Напрасно я пытался сделать ему еще несколько вопросов: он остался непреклонен и свято хранил упорное молчание.
– Прощай, Никон Устиныч! – Он молча кивнул головой, и мы расстались.
«Кто ж из них болен? – думал я по выходе от него, – верно, Тяжеленко. Что за вздор молол он мне об этих милых, добрых Зуровых?

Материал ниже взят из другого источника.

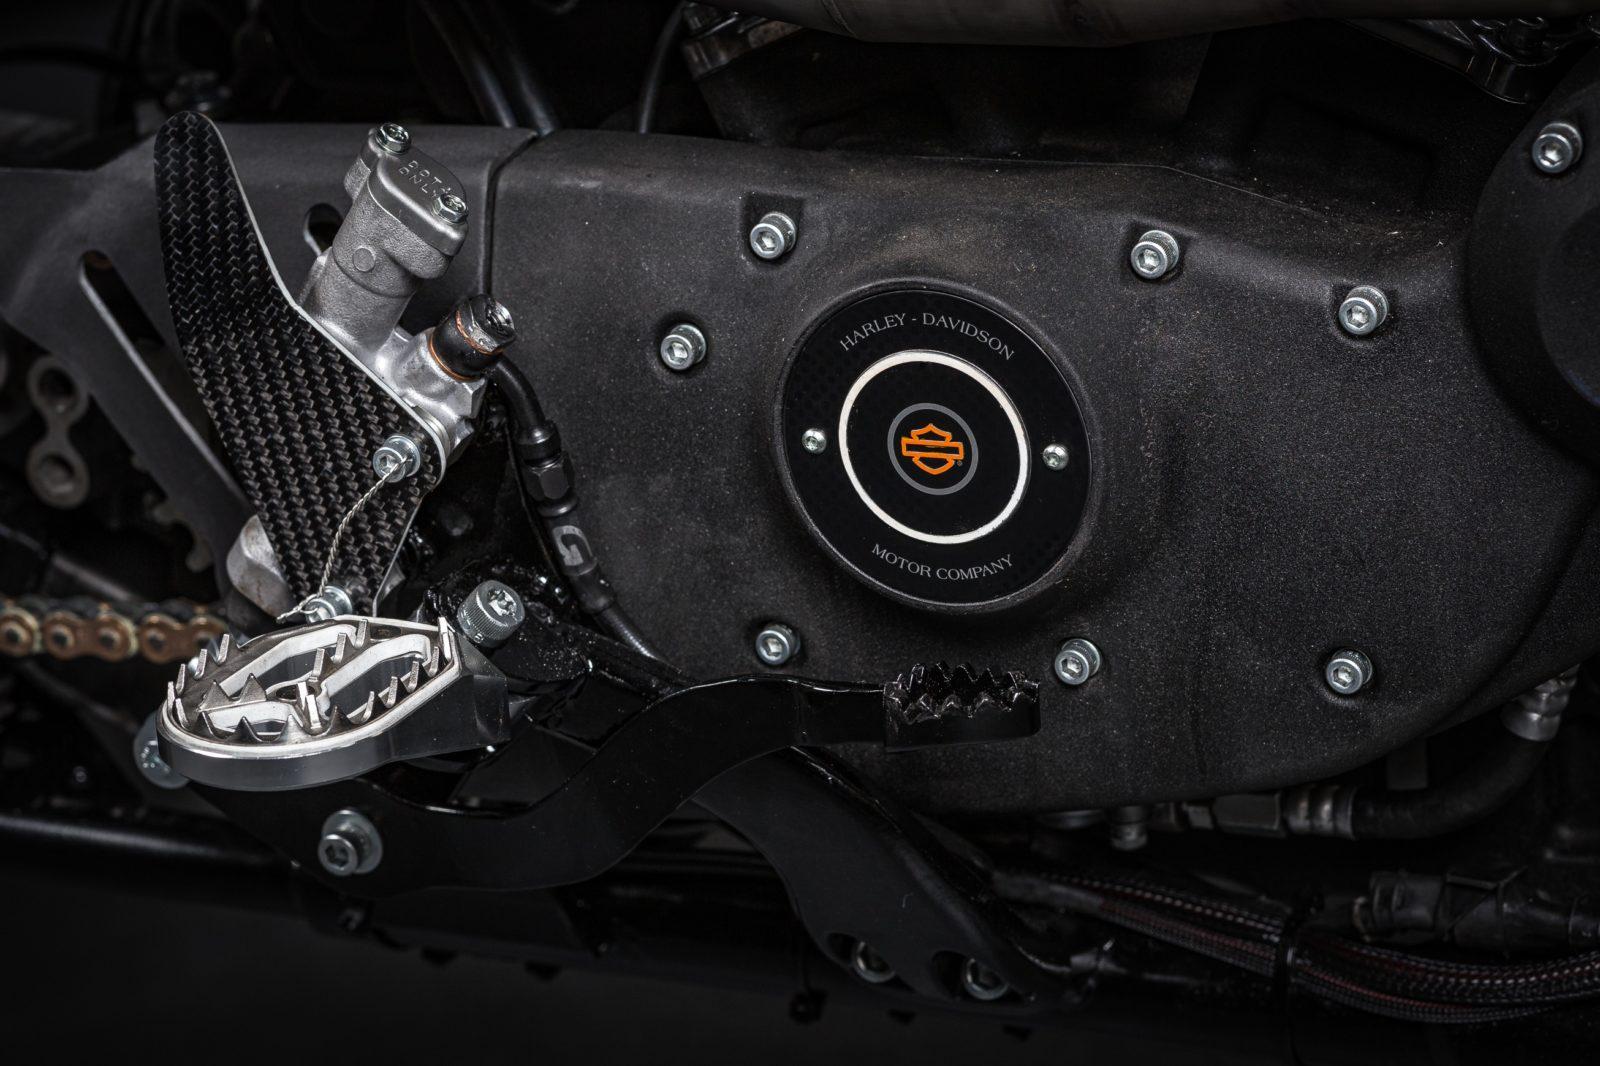 Harley flat track Davidson moto wheels waves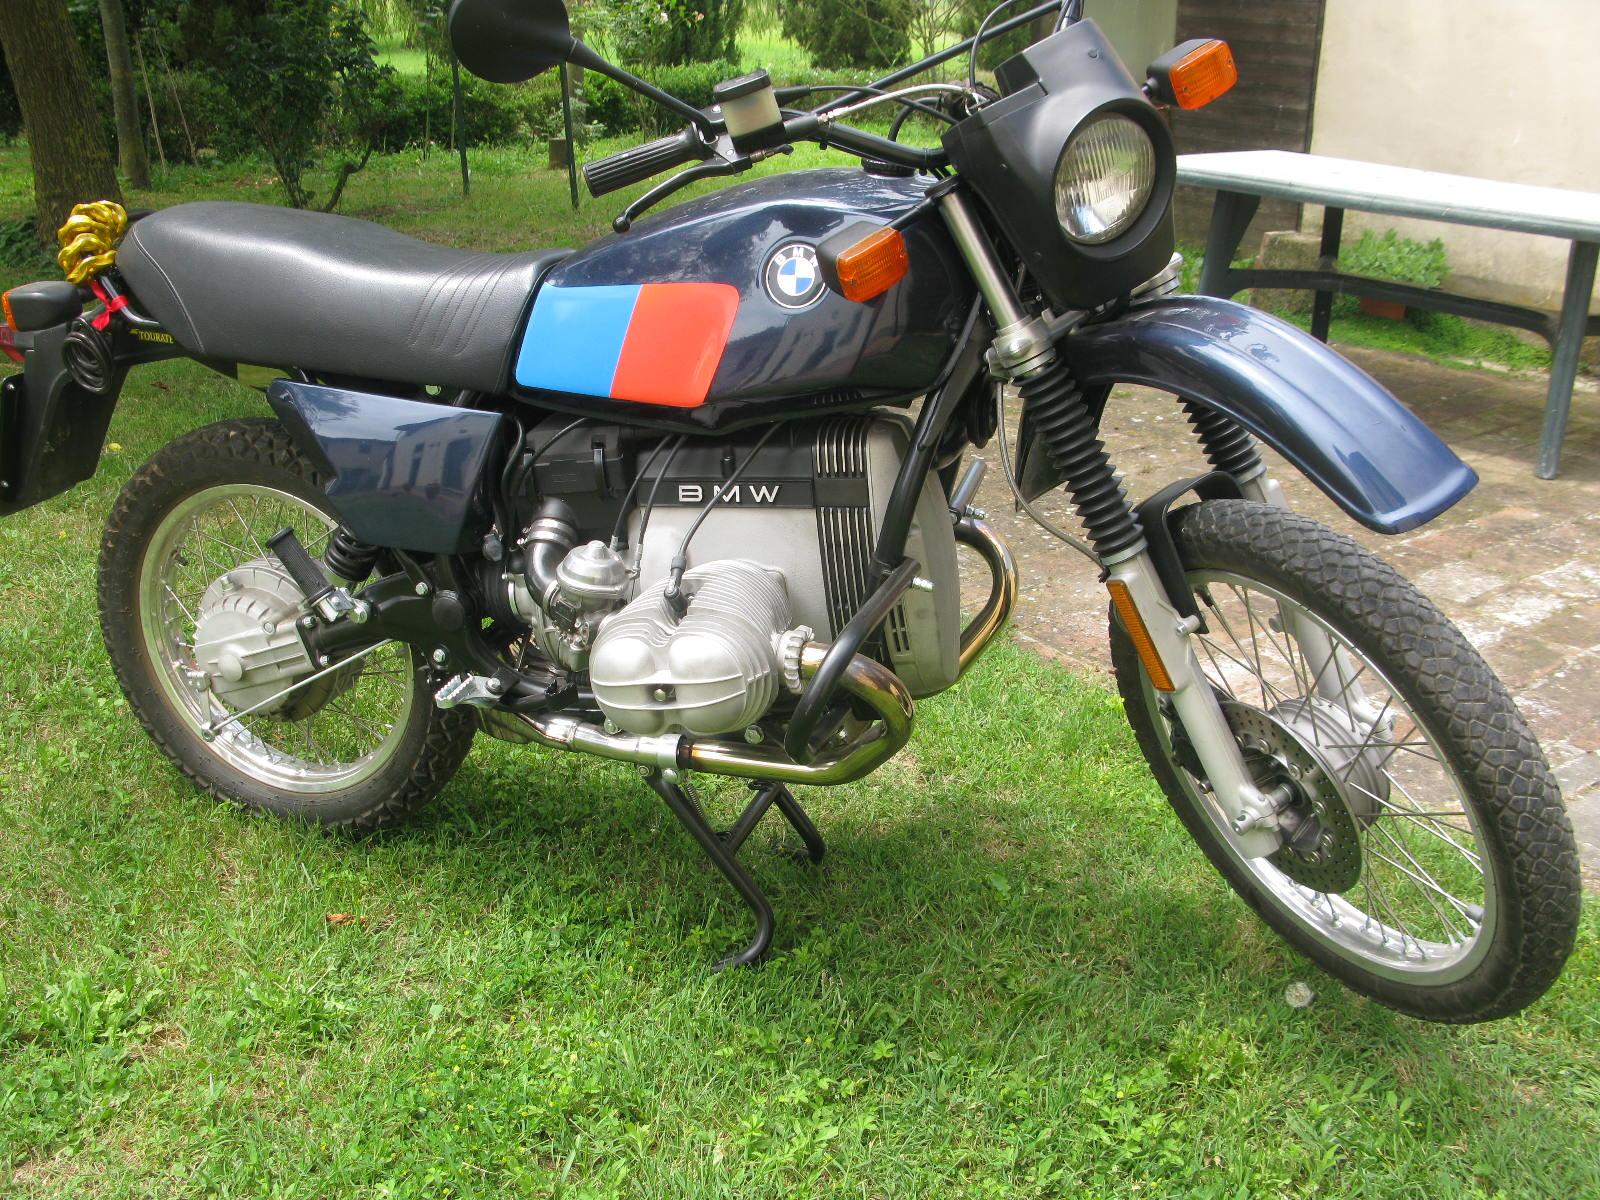 Ricambi per moto bmw r100rs gianni garage castelfiorentino - Garage moto bmw belgique ...

Как я посмеюсь с ними над ленью моего приятеля!»
Погуляв еще немного, я возвратился к Зуровым, и хотя час обеда приближался, но ни слуги, ни господа не думали об том. Алексей Петрович занимался с старшими детьми приведением в порядок рыболовного снаряда; Марья Александровна что-то писала. Я заглянул в бумагу и прочитал сверху надпись крупными словами: «Реестр серебру, столовому белью и посуде, назначенным на сие лето для загородных прогулок».
«Ого! – подумал я, – да приготовления-то идут не на шутку!»
41
А еще подальше Феклуша штопала серые чулки под цвет пыли, тоже для прогулок. Марья Александровна приветствовала меня зевотою.
– Иван Степаныч вас ждет в бильярдной, – сказала она. – Теперь еще рано: он просит сыграть с ним партию.